The Bill could easily have included some real safeguards against misuse but like all our domestic violence laws it leaves the door wide open to misuse based on the fallacious claim that women would never lie about such things. The Bill could have required more solid evidence such as formal charges. And/or it could have required some evidence to be provided of the steps the person took to address the claimed violence. Under the current Bill, a person simply has to allege violence and obtain one of the documents; there is no need to do anything to deal with the violence. A canny employee could just claim each year that her spouse was psychologically mean to her in an argument, use the leave for a nice little holiday, and if the employer then ever asked what transpired she can just say she went back to him and they sorted it out. However, there is no right in the Bill for employers to be told anything about how the leave was used or what the person did about the alleged violence.

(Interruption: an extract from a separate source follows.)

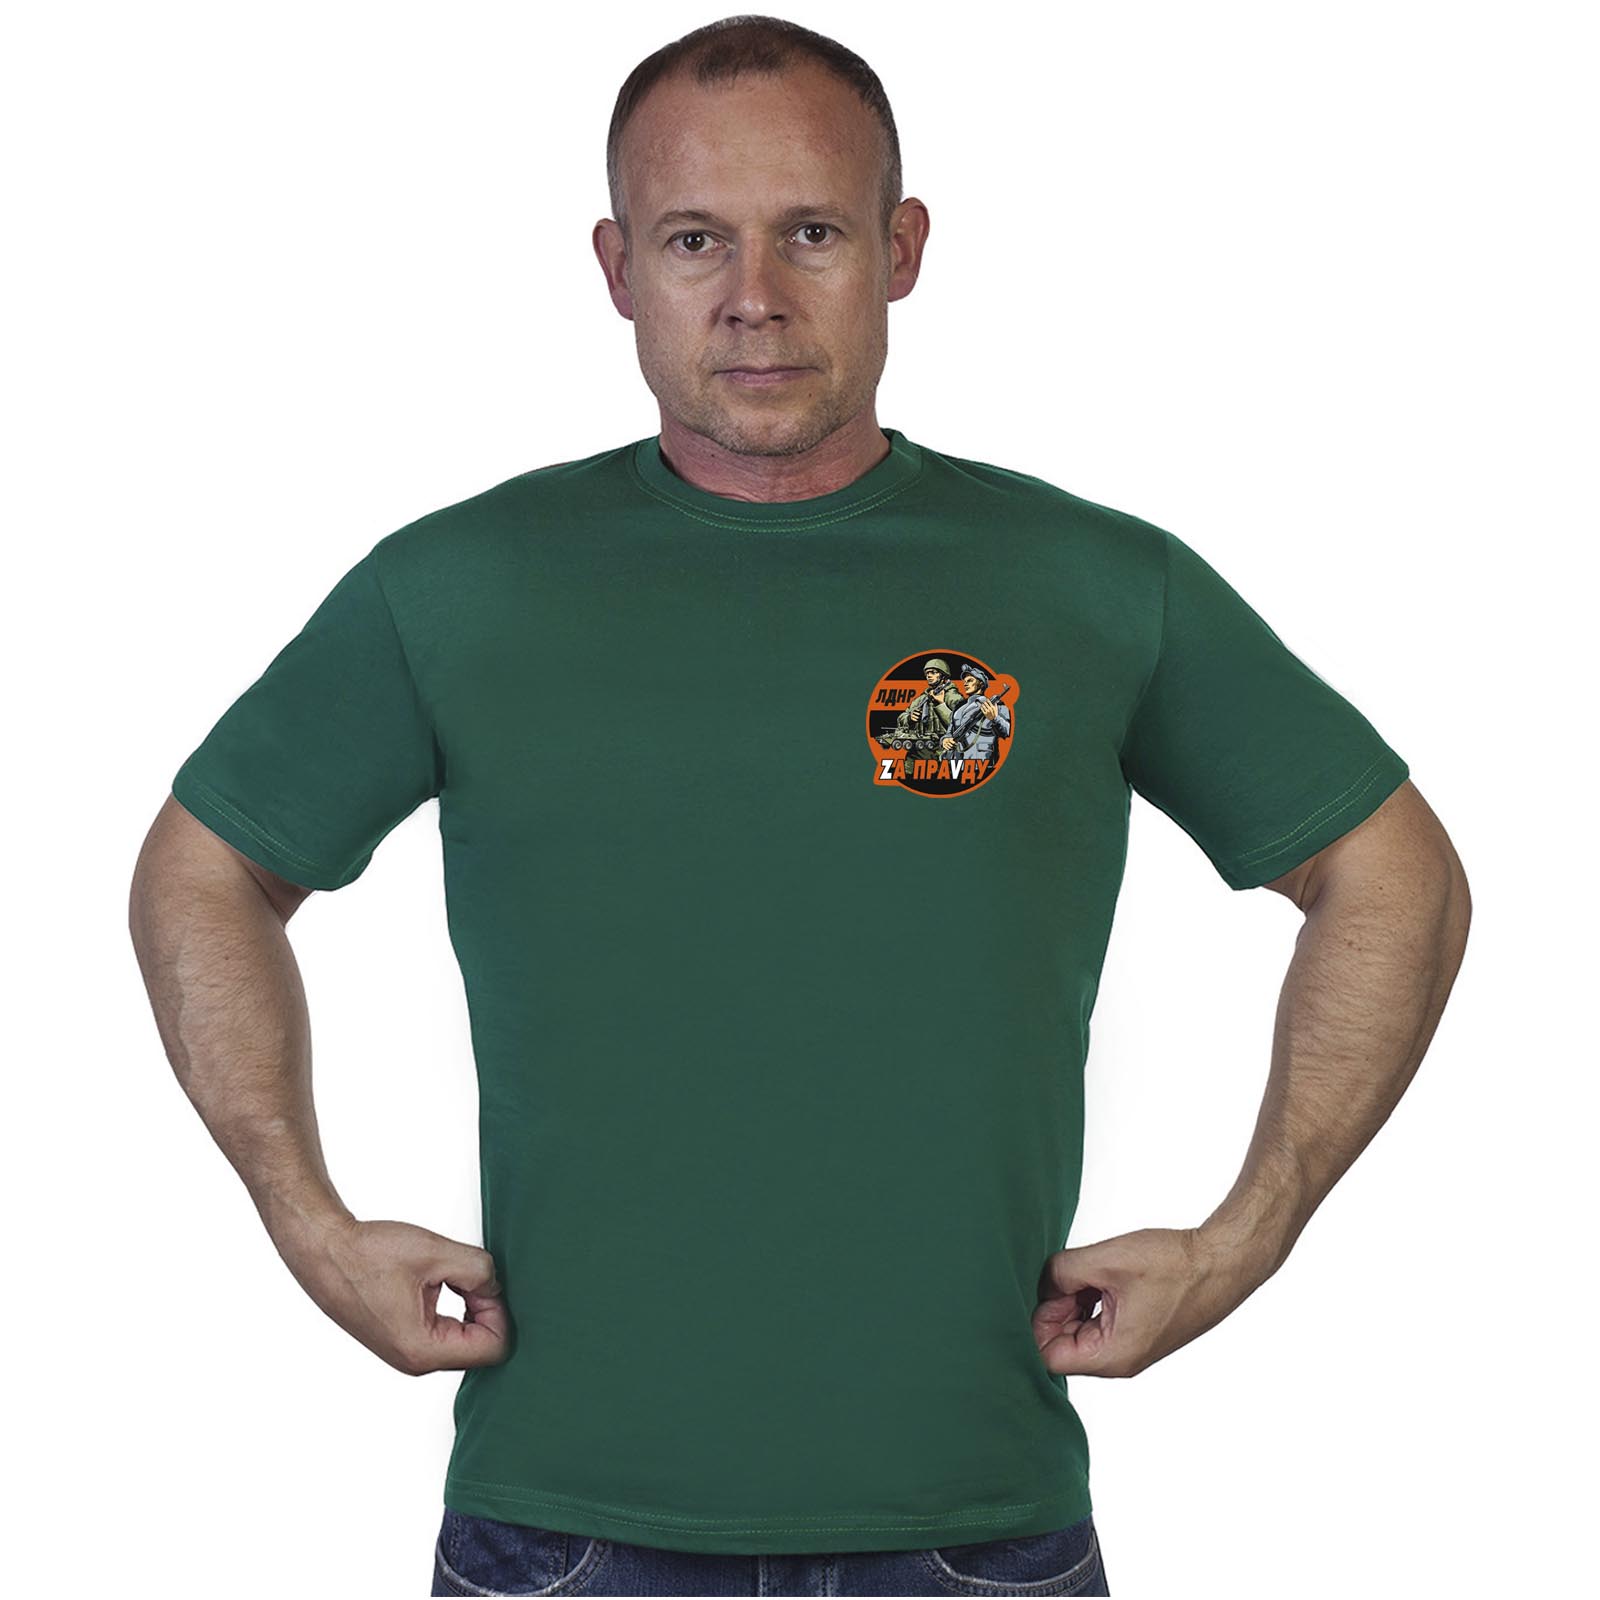 Зелёная футболка с термотрансфером ЛДНР "Zа праVду"

This Bill may assist some people who genuinely need help after violent experiences, but the way it’s designed it virtually yells out “Come and misuse me for some paid leave and flexible work hours!” As such it is another attempt to provide women with more opportunities to get privileges and special treatment at their fancy and without accountability. One dangerous aspect is the incentive it provides for even more women to make false allegations, resulting in such consequences as even more children being harmed by the loss of their family, unnecessary acrimony between their separated parents and/or unnecessary Family Court disputes. Even more dangerous, this Bill if passed will be used to publicize more spurious statistics about how many women were victims of domestic violence when many of them actually were not, and thereby maintain the advance of the feminist machine.